Daily cases have topped 50,000 and deaths are rising, but Boris Johnson’s government is refusing calls to re-enforce measures that scientists say would help contain the virus.
London, October 22 (RHC)-- Pressure is mounting on the United Kingdom’s government to re-enforce COVID-19 restrictions as infections surge, with medical experts warning of a looming crisis. The UK reported 52,009 new cases on Thursday, the highest daily figure since July 17 and the ninth consecutive day that cases have topped the 40,000 mark.
The death toll is also climbing. On Tuesday, officials recorded the highest daily toll since early March, with 223 deaths. More than 8,000 people are currently hospitalised with the virus.
Alarmed by the situation, senior healthcare figures are publicly urging British Prime Minister Boris Johnson to tackle transmission rates by making face masks mandatory, advising people to work from home and raising awareness about the benefits of ventilated public spaces.
Under a current “Plan A” to manage the pandemic in autumn and winter, officials are focused on third-shot booster vaccinations to millions of people and offering those aged 12-17 a single dose of the vaccine produced by Pfizer-BioNTech.

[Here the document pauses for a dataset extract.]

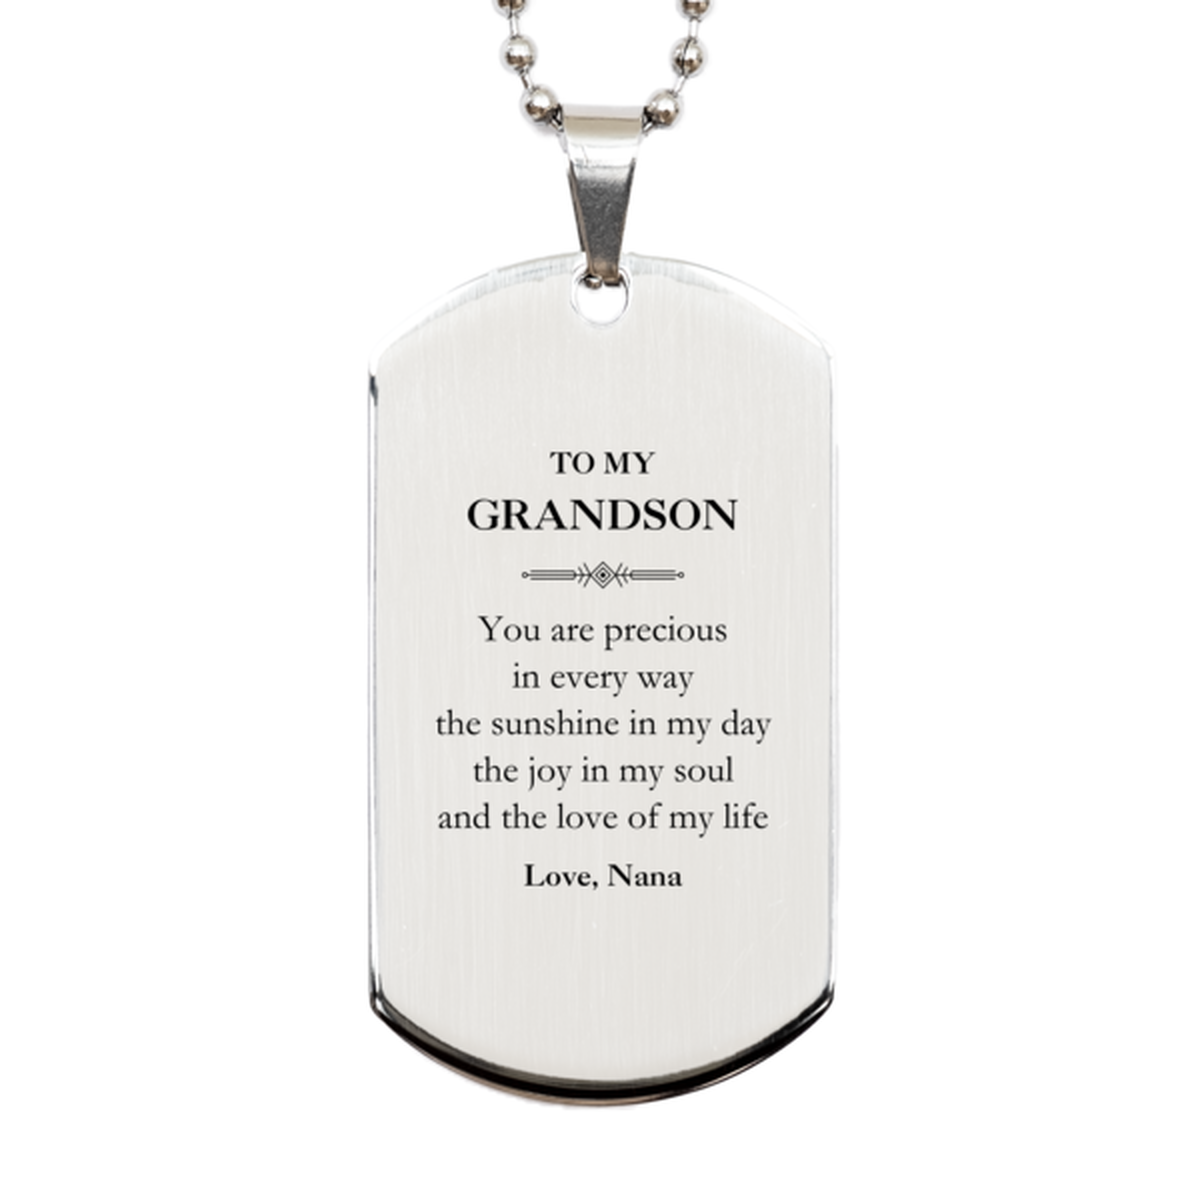 Graduation Gifts for Grandson Silver Dog Tag Present from Nana, Christmas Grandson Birthday Gifts Grandson You are precious in every way the sunshine in my day. Love, Nana

Mask wearing, which has become far less common in recent months across the country, and social distancing are loosely encouraged but not mandatory.
Without immediate intervention, experts say more will needlessly die and the UK’s National Health Service (NHS) risks becoming overwhelmed. “If we carry on as we are now, we are going to have a very alarming and devastating winter crisis,” Zubaida Haque, a member of the UK’s Scientific Advisory Group for Emergencies (SAGE), told Al Jazeera.
“And the worst part of that is that, unlike last autumn and winter, we [now] have the solutions,” she said, citing the second wave of COVID-19 infections that prompted Johnson to impose nationwide lockdowns.
“We have the vaccines and we know which public health protections are effective … but the government has removed all public health protections to protect the vaccination program.”
}Despite the clamor, the government is resisting calls to launch its “Plan B” contingency strategy. Since removing almost all restrictions in England in mid-July – on a day Johnson dubbed “Freedom Day” – officials have pinned hopes on the national vaccination programme and natural immunity built up among the UK’s nearly 70 million-strong population to keep COVID-19 in check.
Johnson believes the UK should “learn to live with this virus” and government planning documents state ministers will not pivot to “Plan B” unless the NHS is deemed likely to come under “unsustainable pressure.”
Under “Plan B”, face masks in some settings would be mandatory and employees would be asked to work from home where possible. So-called vaccine passports could also be introduced, requiring people to show proof of vaccination, recovery from the virus or a recent negative test to enter some venues or attend mass events.
On Wednesday, Health Secretary Sajid Javid said the government would not switch to its contingency plan “at this point”, but as he cautioned that cases could soon rise to 100,000 a day, he warned that slow vaccine uptake would increase the likelihood of restrictions.
But the chair of the British Medical Association, Chaand Nagpaul, said the time to act “is now.”
“It is wilfully negligent of the Westminster government not to be taking any further action to reduce the spread of infection, such as mandatory mask wearing, physical distancing and ventilation requirements in high-risk settings, particularly indoor crowded spaces,” Nagpaul said in a statement on Wednesday.
“These are measures that are the norm in many other nations,” he added, describing the UK as an “international outlier” on pandemic control. Critics have decried the UK throughout the pandemic, suggesting it was slow to lockdown during the first and second waves in 2020 and then too quick in lifting restrictions this year.
“We are rapidly approaching a position where, yet again, the government is delaying for too long, and equivocating over taking action. This is the time to learn the lessons of the past and act fast, or else we will face far more extreme measures later,” Nagpaul said.